However, zero-shot performance degrades sharply when target objects fall outside the model's training distribution. In domain-specific applications such as agricultural [\[18\]](https://openaccess.thecvf.com/content/CVPR2025W/V4A/html/Singh_Few-Shot_Adaptation_of_Grounding_DINO_for_Agricultural_Domain_CVPRW_2025_paper.html), medical imaging, or specialized infrastructure inspection, these models offer minimal help: the visual patterns and object categories involved are largely absent from internet-scale image collections on which these models are trained.

**Interactive segmentation models.** The SAM family [\[14\]](https://openaccess.thecvf.com/content/ICCV2023/html/Kirillov_Segment_Anything_ICCV_2023_paper.html) [\[4\]](https://arxiv.org/abs/2408.00714) [\[1\]](https://arxiv.org/abs/2511.16719) has become widely adopted in projects requiring mask annotations. Rather than generating automatic predictions, these models let annotators refine boundaries through clicks and prompts. Unlike semantic foundation models, SAM was trained to respond to generic visual cues — edges, color discontinuities, texture transitions — that transfer across domains more reliably than semantic understanding does. This makes it considerably more robust to domain shift than classification-based models: a boundary between tissue and background in a medical scan shares low-level structure with a boundary between a component and its mounting surface in an industrial inspection image. That said, robustness is not universally guaranteed — performance in automatic mode can degrade in specialized domains, and the model remains dependent on prompt quality [\[15\]](https://arxiv.org/abs/2408.02924).
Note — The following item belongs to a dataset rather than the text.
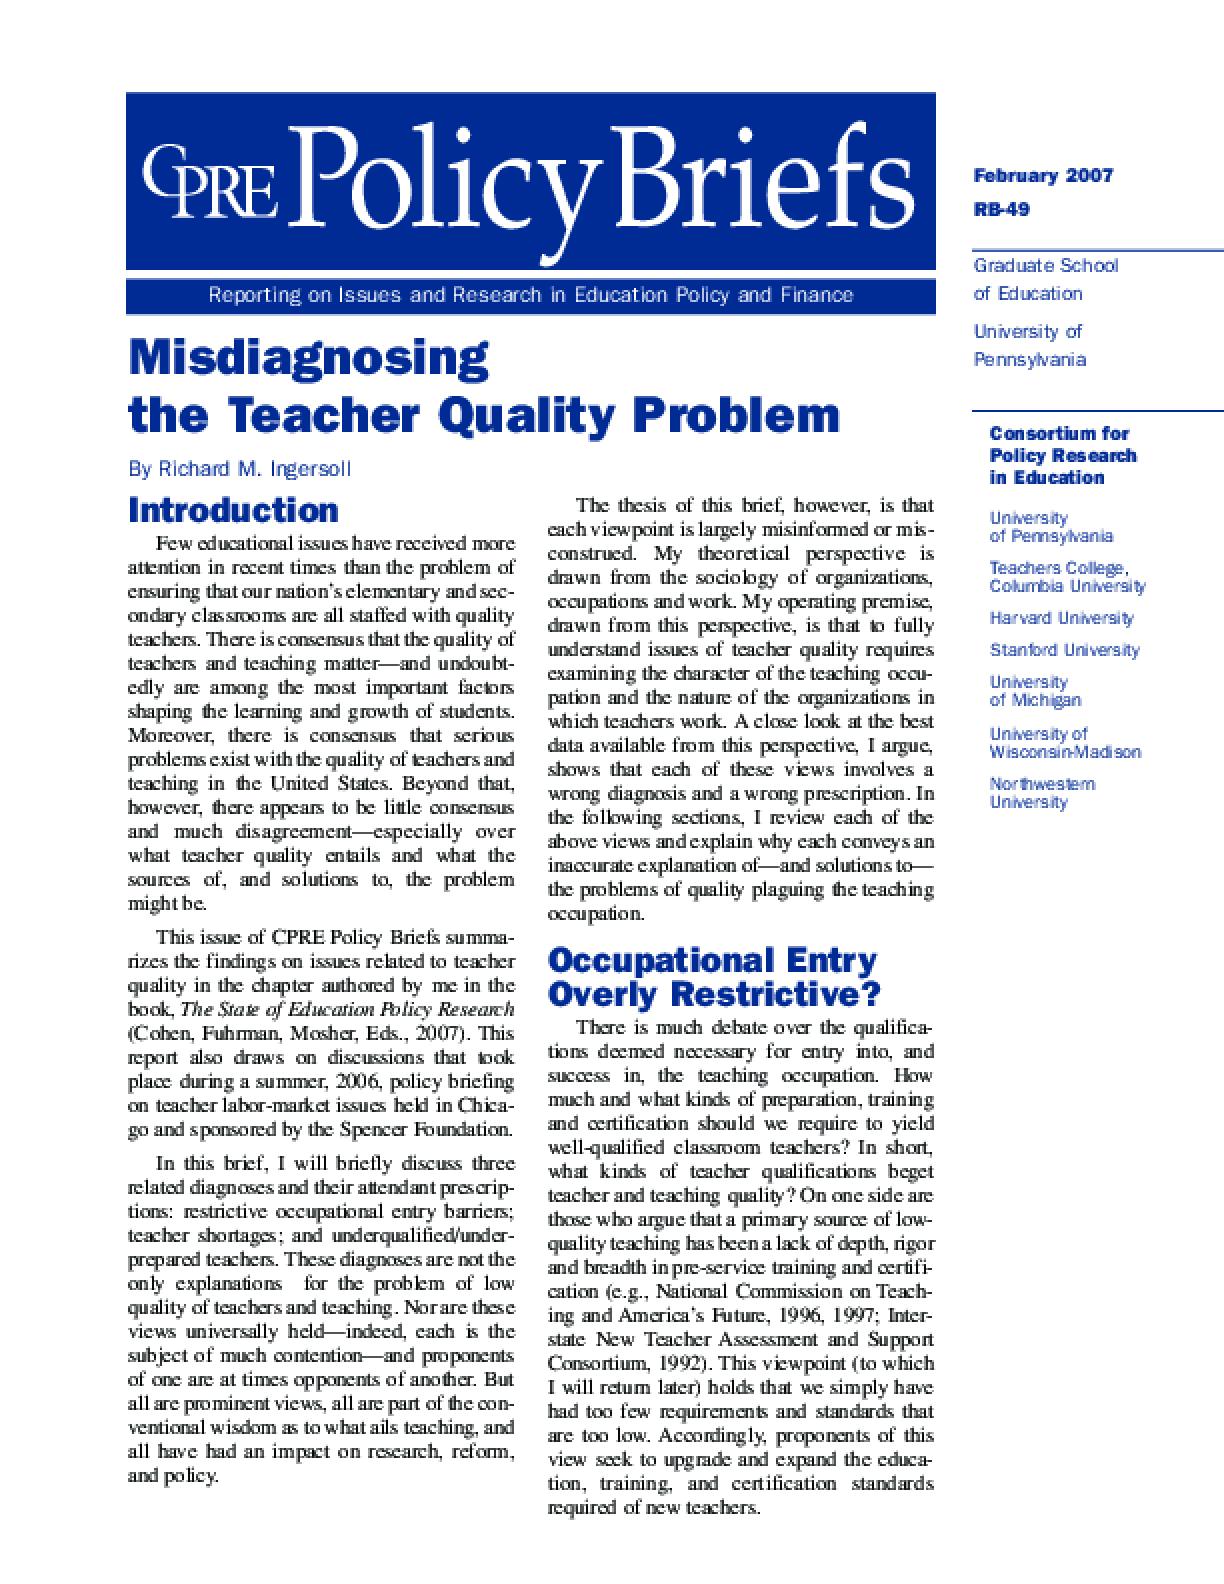 Misdiagnosing the Teacher Quality Problem

The fundamental limitation of interactive segmentation models is manual effort: every object in every image requires individual guidance. And like zero-shot models, they never learn from your data — there is no mechanism by which annotation work accumulated over a project improves future predictions.

**None of the approaches above enables continuous model adaptation during annotation** — where each newly labeled image contributes to a model that improves throughout the project, without discrete training cycles, cross-team coordination, or interruptions to the annotation workflow. This is the gap Live Training addresses.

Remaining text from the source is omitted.